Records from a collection

+--

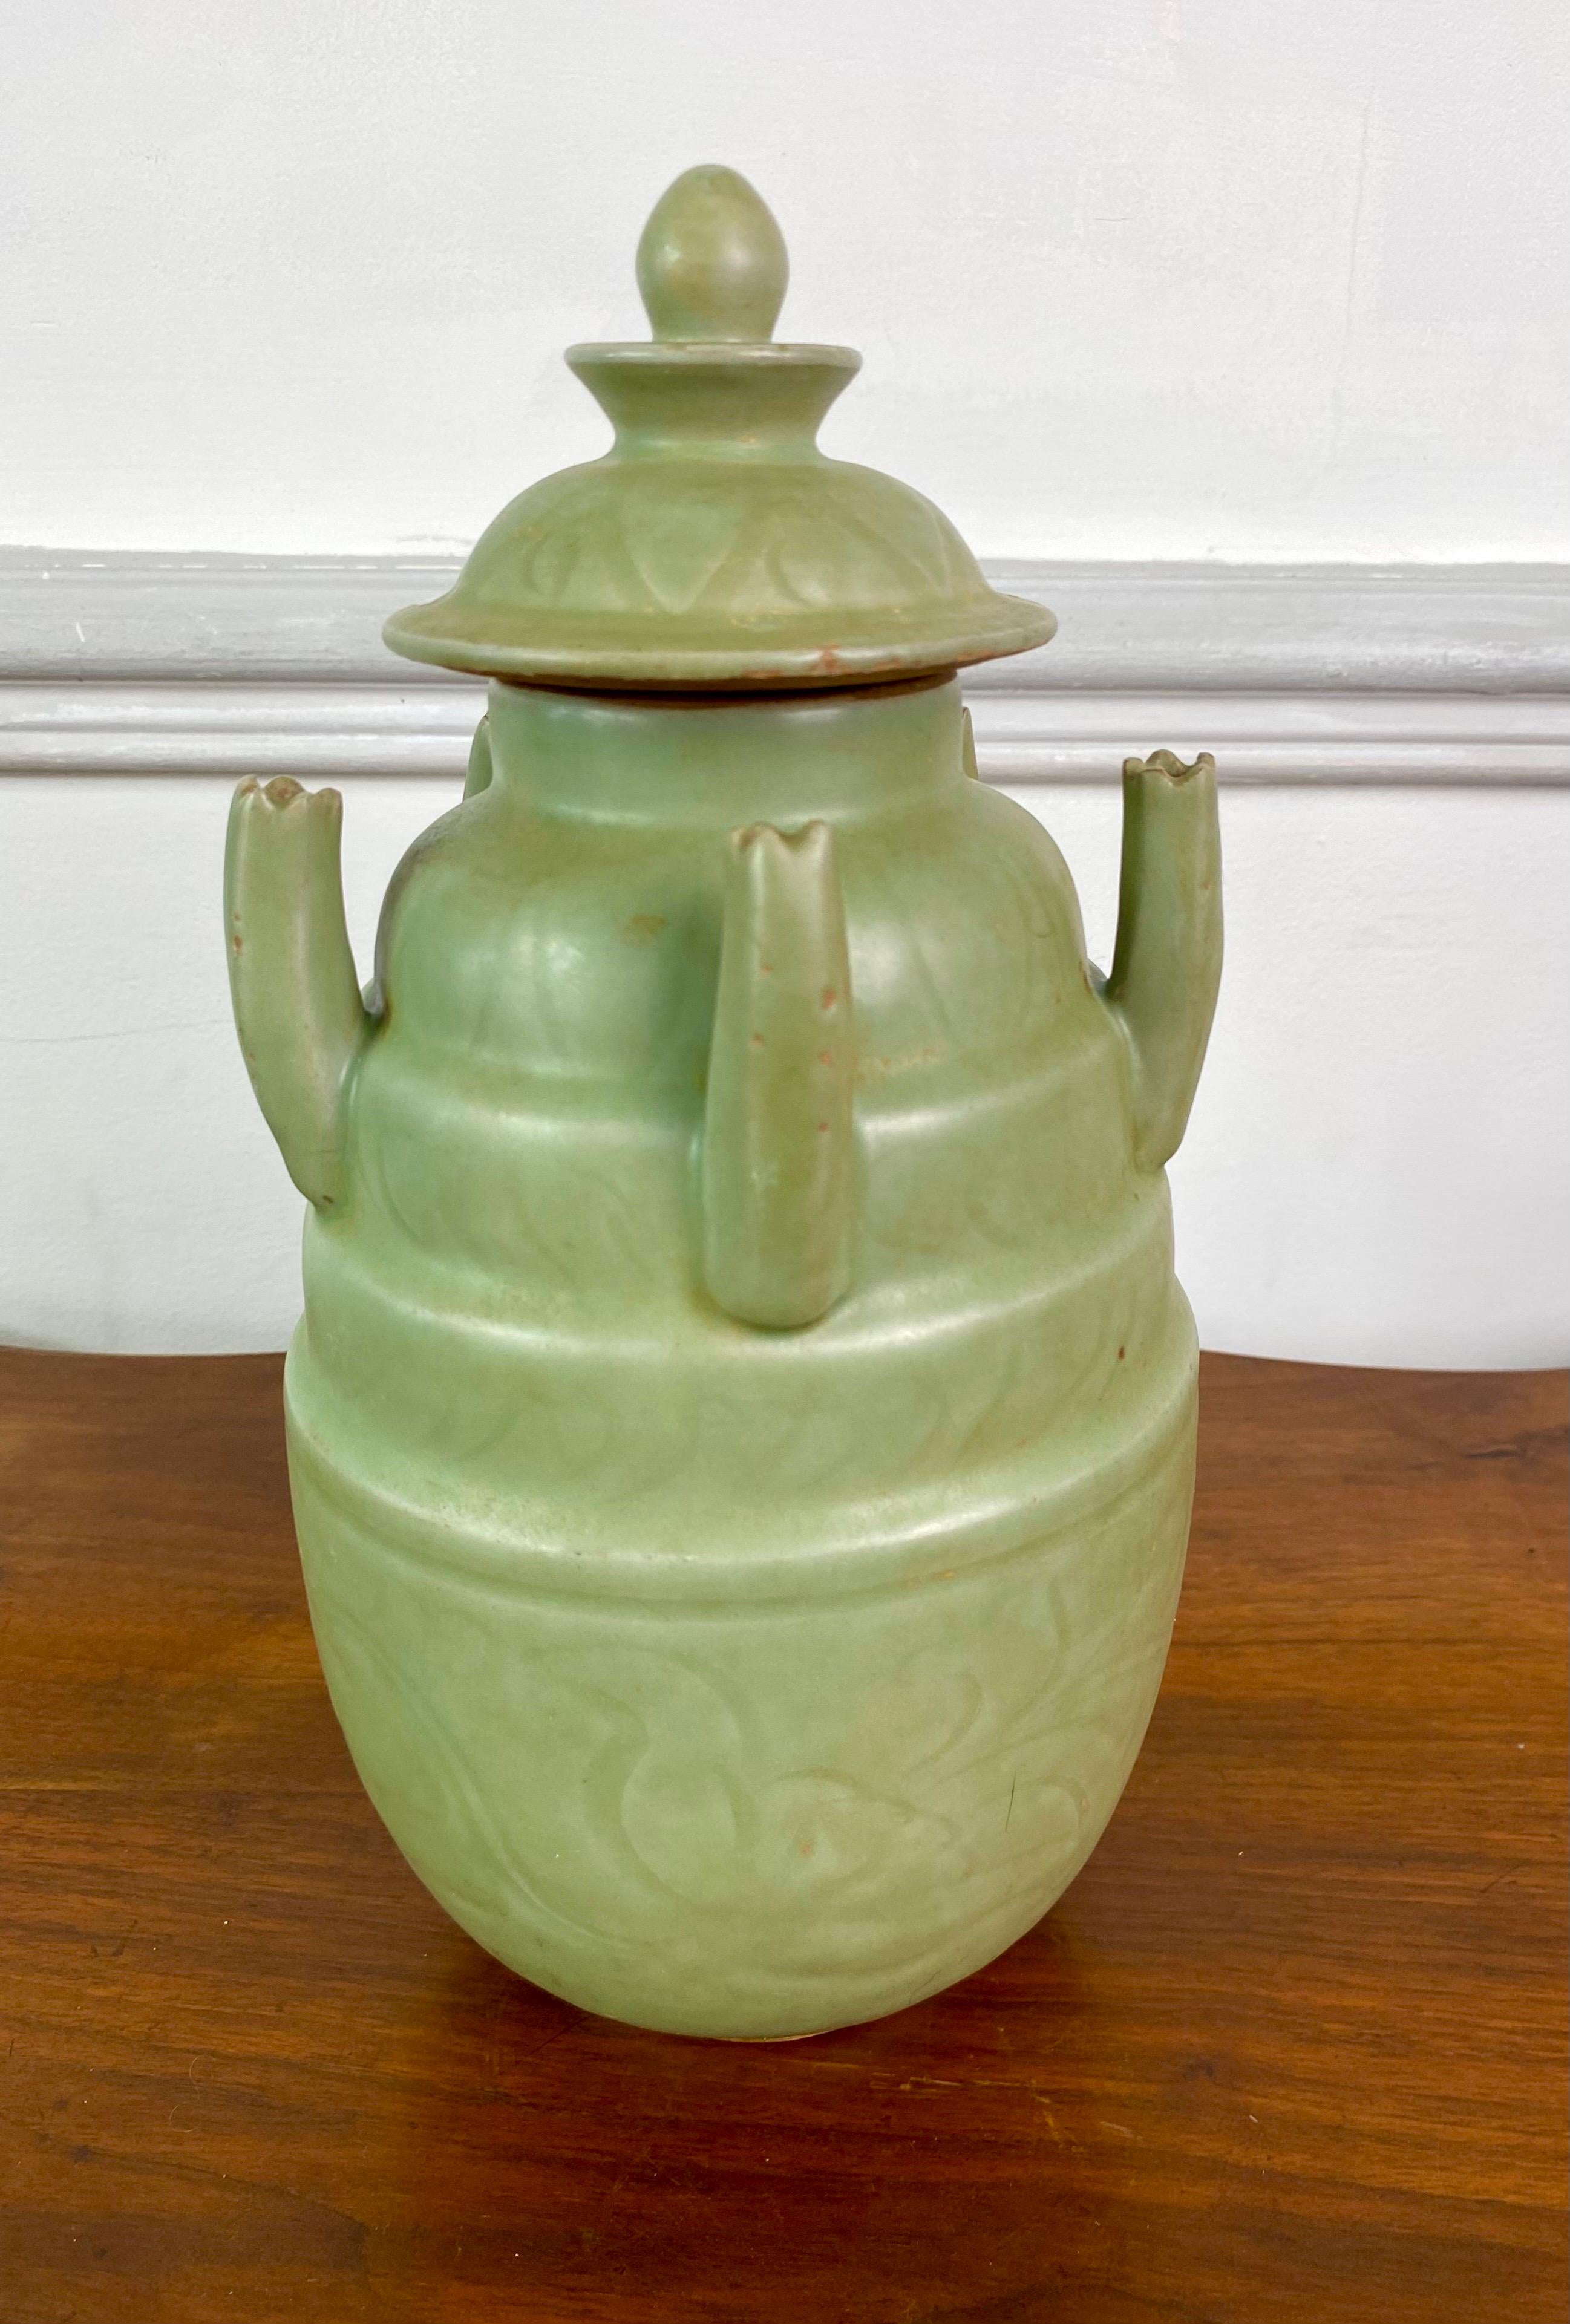 Very pretty covered vase, pot, with 5 tubes / spouts from the Longquan Celadon Ovens.
The vase and its lid are in Celadon-glazed porcelain stoneware decorated with flowers and foliage.
This very pretty Covered Vase with five Wuguan Ping tubes,
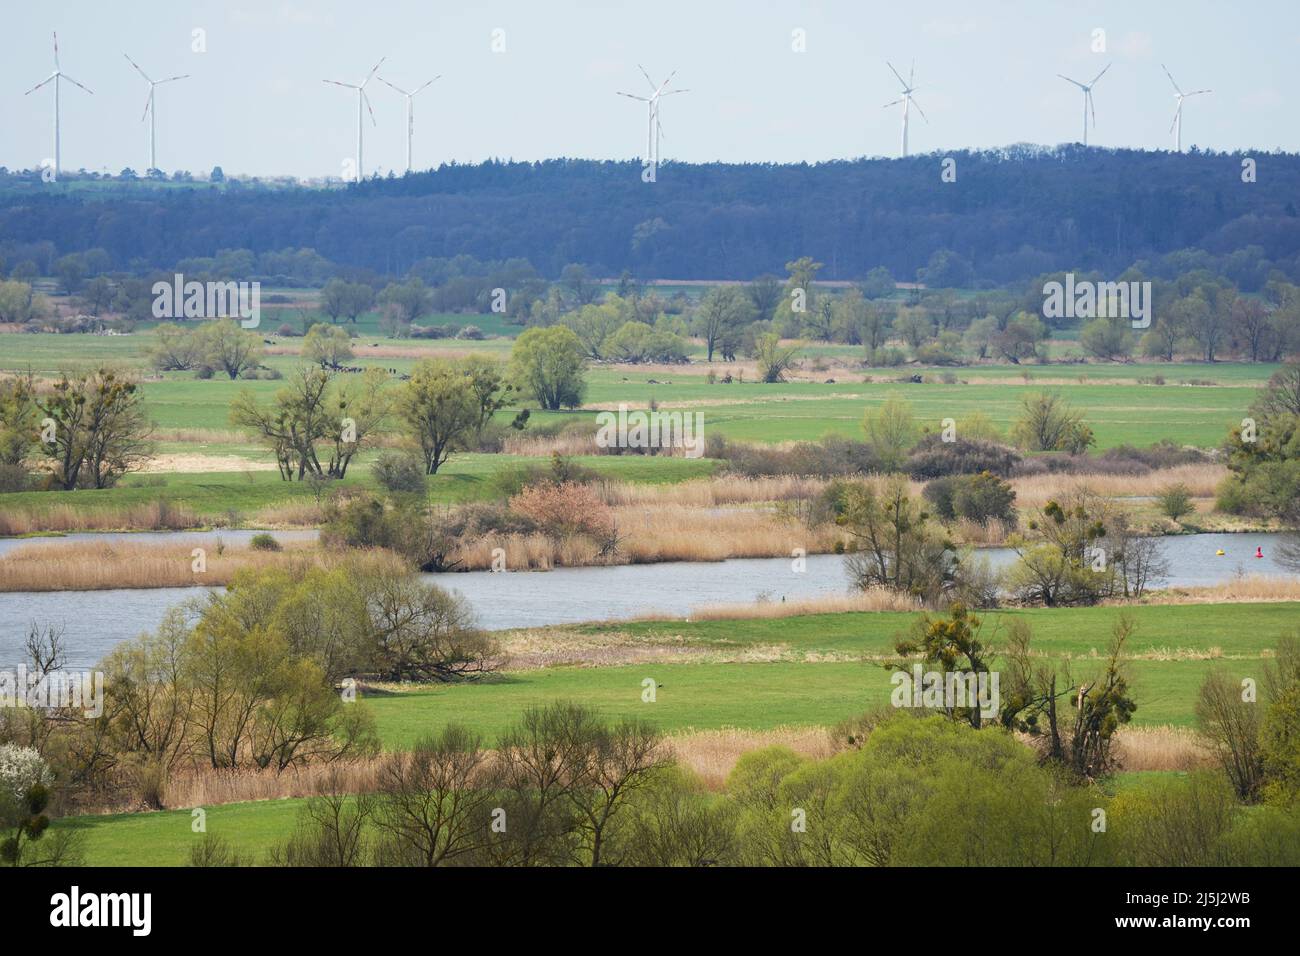 19 April 2022, Brandenburg, Schwedt/Ot Schöneberg: View from the lookout point Richterberg at the edge of the village Stützkow in the National Park Lower Oder Valley towards the Oder River. The national park has an area of about 10,300 hectares and was founded in 1995. Countless rare animal and plant species can be found here. The national park is also well developed for tourists on hiking and biking trails. Photo: Soeren Stache/dpa/ZB Stock Photo
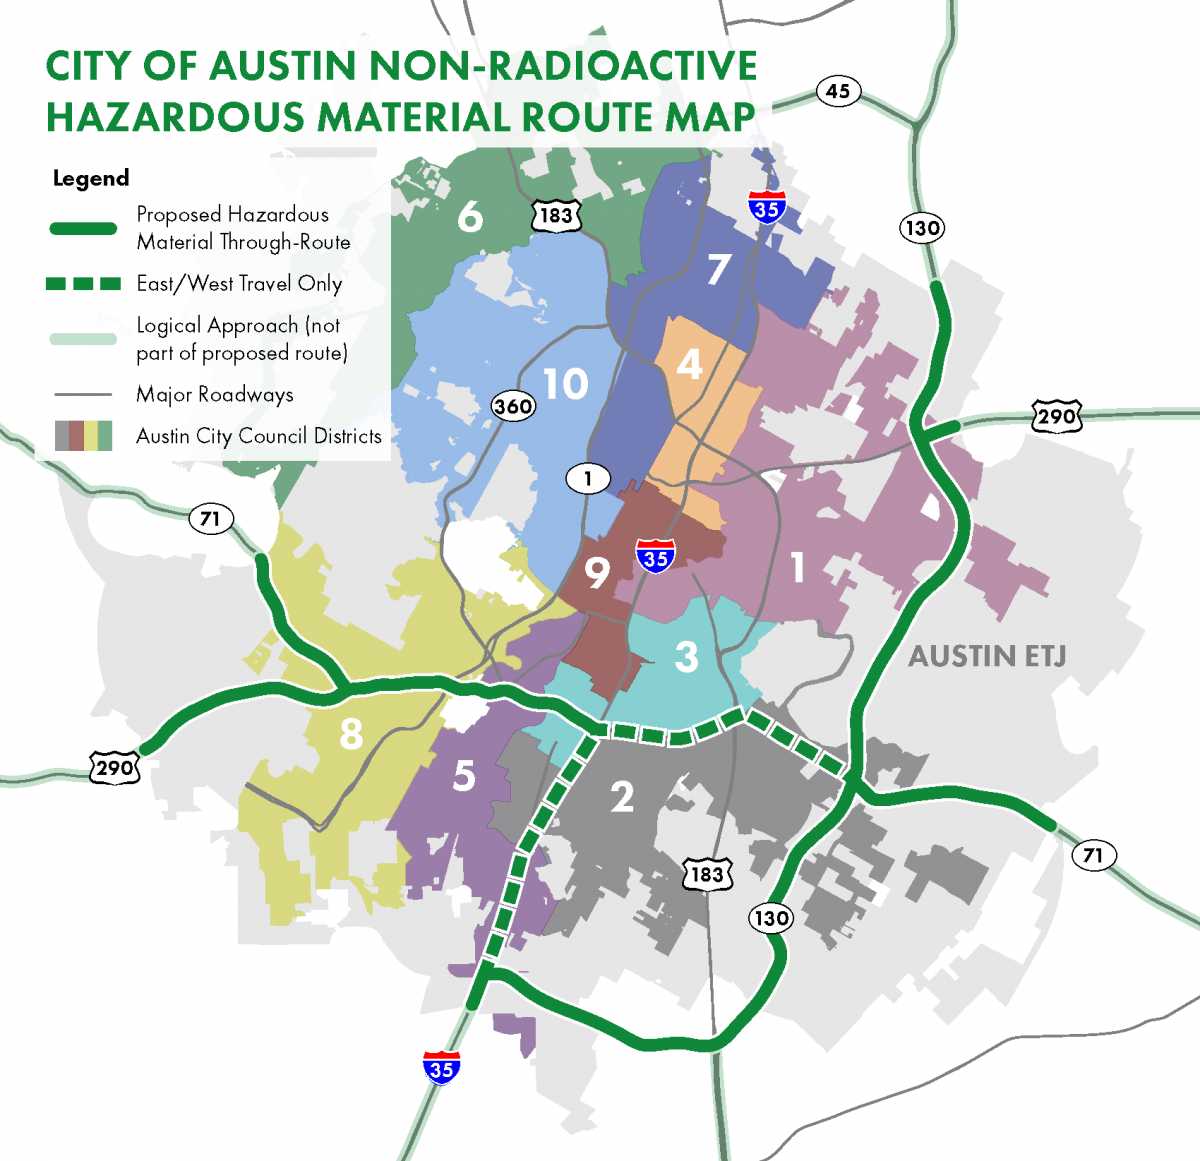 Map of the proposed route for non-radioactive hazardous materials for Austin with an overlay of City Council districts.

+--

### WHAT IS NEEDED
Print the data above from its first line through the line that has "This very pretty", exactly and with nothing else, omitting pictures.

### TASK RESPONSE
 Very pretty covered vase, pot, with 5 tubes / spouts from the Longquan Celadon Ovens.
The vase and its lid are in Celadon-glazed porcelain stoneware decorated with flowers and foliage.
This very pretty Covered Vase with five Wuguan Ping tubes,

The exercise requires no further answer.